» **Description of the task**: From the first line below to the last, reproduce the material exactly and leave out the images.
───── Data excerpt
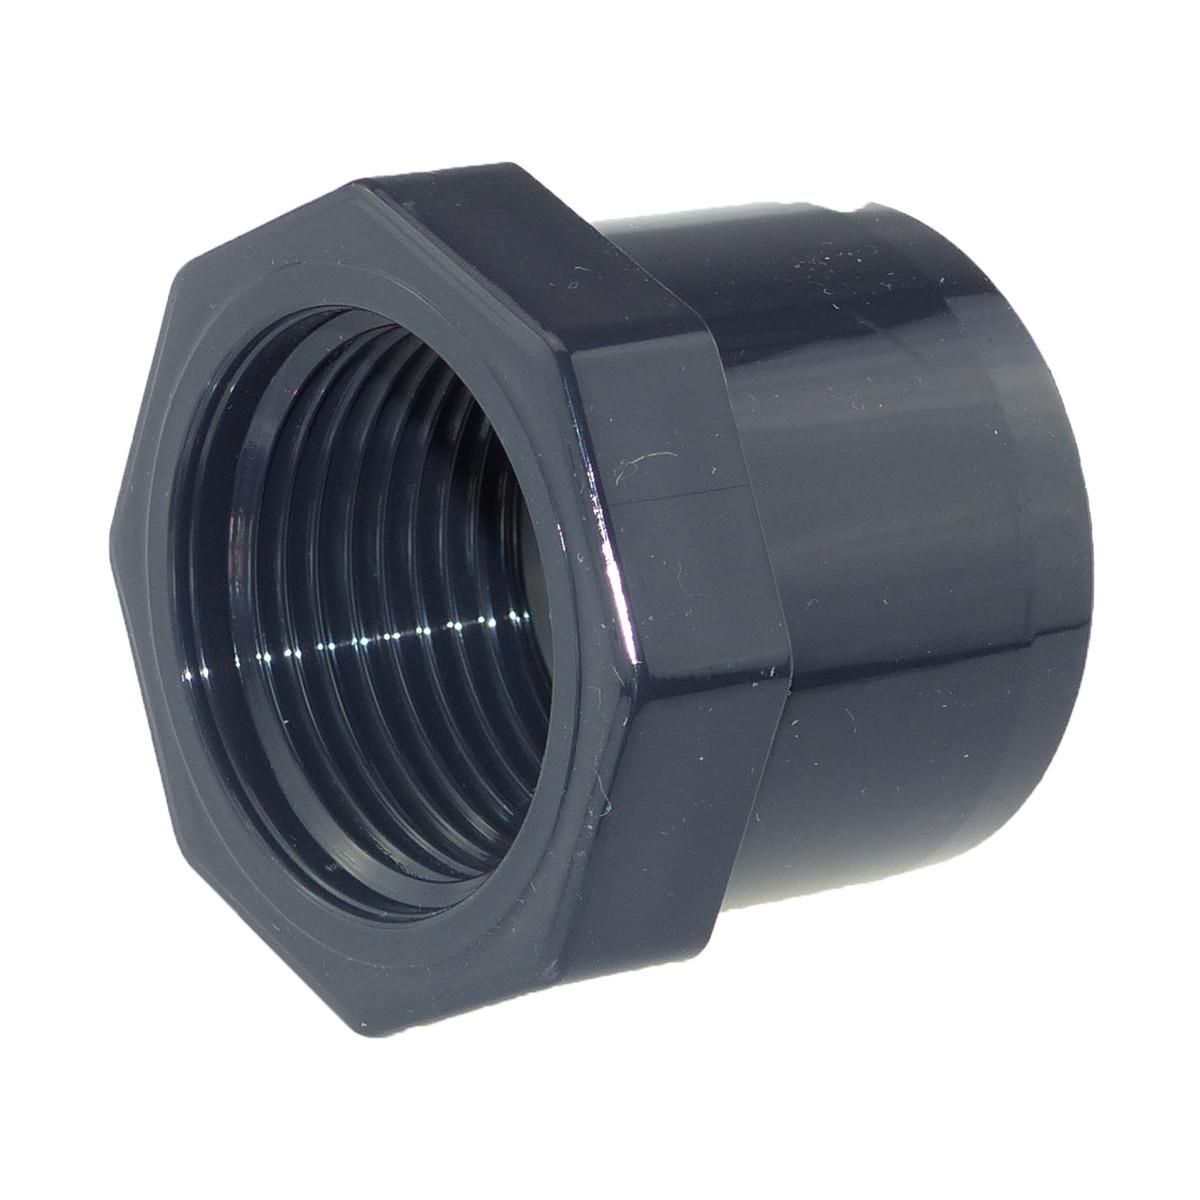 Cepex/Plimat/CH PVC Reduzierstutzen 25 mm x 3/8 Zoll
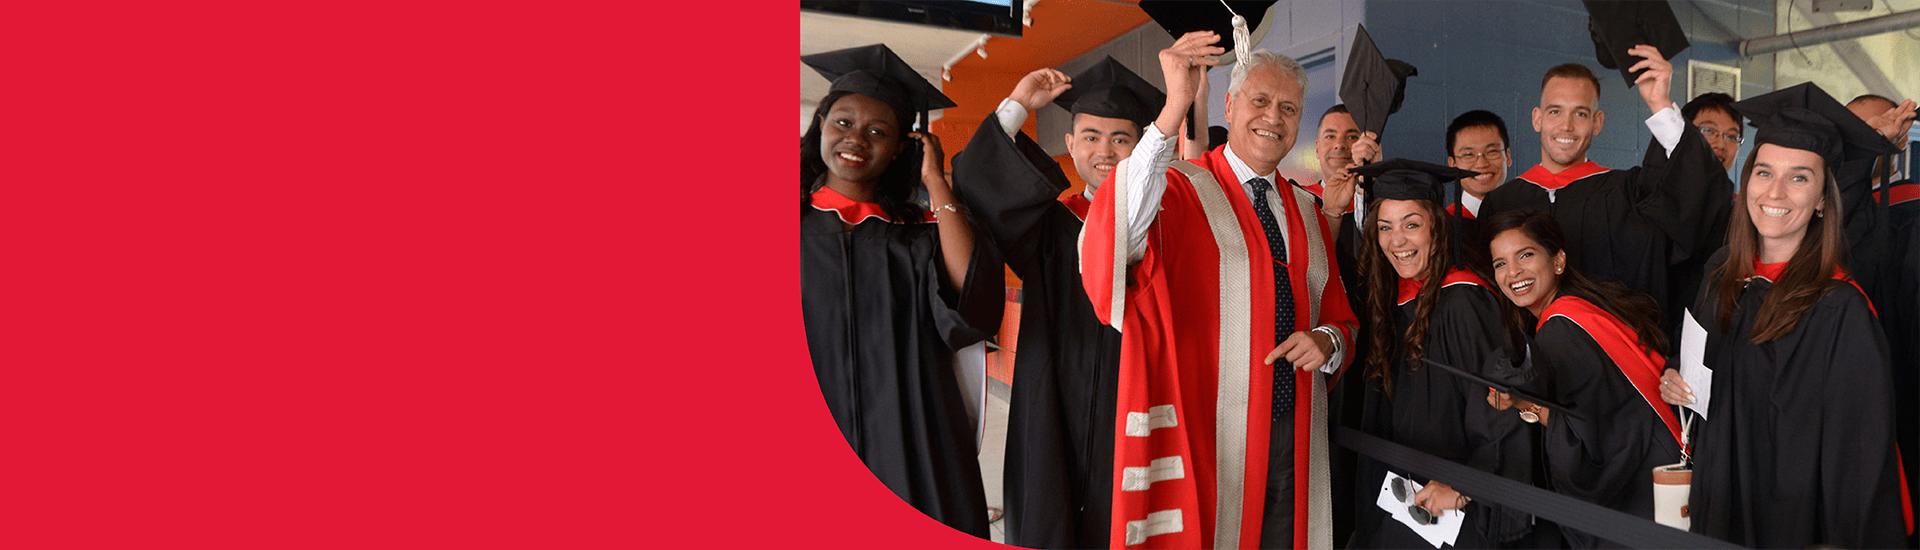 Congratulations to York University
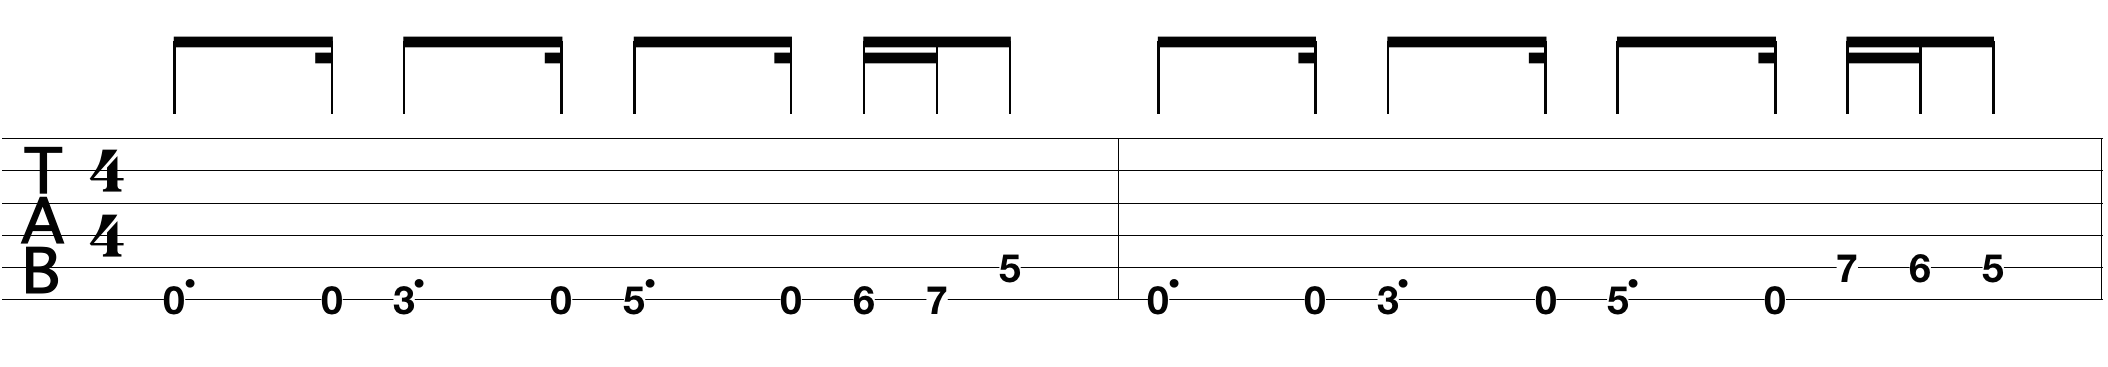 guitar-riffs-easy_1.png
──────────
» **Your response**:
 Cepex/Plimat/CH PVC Reduzierstutzen 25 mm x 3/8 Zoll
 Congratulations to York University
 guitar-riffs-easy_1.png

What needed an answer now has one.